Question

Find the vector and Cartesian equations of the line passing through the point (–1, –1, 2) and parallel to the line 2x − 2 = 3y + 1 = 6z − 2.

Answer 1

Let `bar"a"` be the position vector of the point A(–1, –1, 2) w.r.t. the origin.

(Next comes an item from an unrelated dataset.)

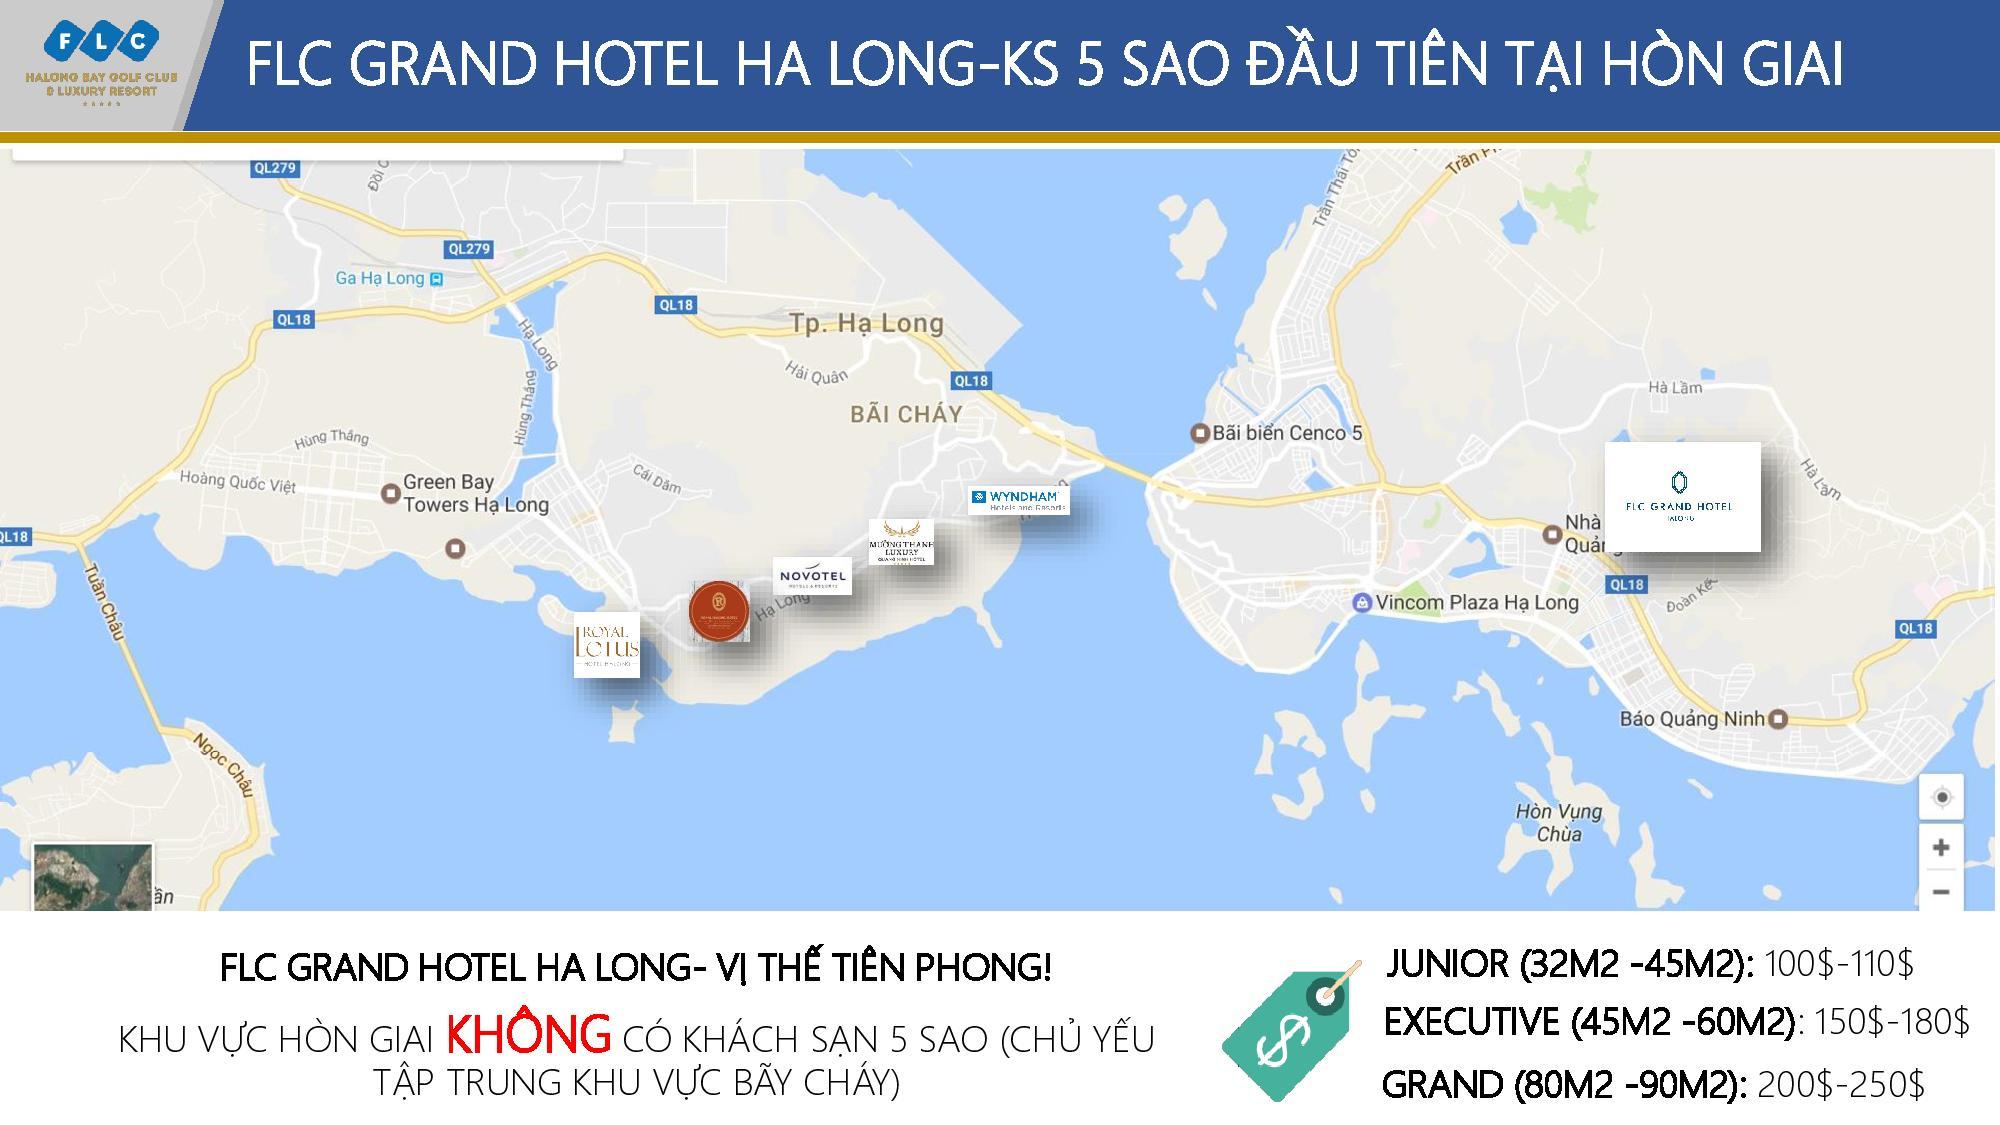 Khách sạn 5 sao đầu tiên tại Hòn Gai

Then `bar"a" = -hat"i" - hat"j" + 2hat"k"`

The equation of given line is 
2x – 2 = 3y + 1 = 6z – 2

∴ 2(x – 1) = `3(y + 1/3) = 6(z - 1/3)`

∴ `(x - 1)/((1/2)) = (y + 1/3)/((1/3)) = (z - 1/3)/((1/6)`

The direction ratios of this line are

`(1)/(2),(1)/(3),(1)/(6)` i.e. 3, 2, 1

Let `bar"b"` be the vector parallel to this line.

Then `bar"b" = 3hat"i" + 2hat"j" + hat"k"`

The vector equation of the line passing through `"A"(bara) "and parallel to"  bar"b"` is

`bar"r" = bar"a" + lambdabar"b"`, where λ is a scalar,

∴ the vector equation of the required line is

`bar"r" = (-hat"i" - hat"j" + 2hat"k") + lambda(3hat"i" + 2hat"j" + hat"k")`.

The line passes through (–1, – 1, 2) and has direction ratios 3, 2, 1

∴ the cartesian equations of the line are

`(x - (-1))/(3) = (y - (-1))/(2) = (z - 2)/(1)`

i.e. `(x + 1)/(3) = (y + 1)/(2) = (z - 2)/(1)`.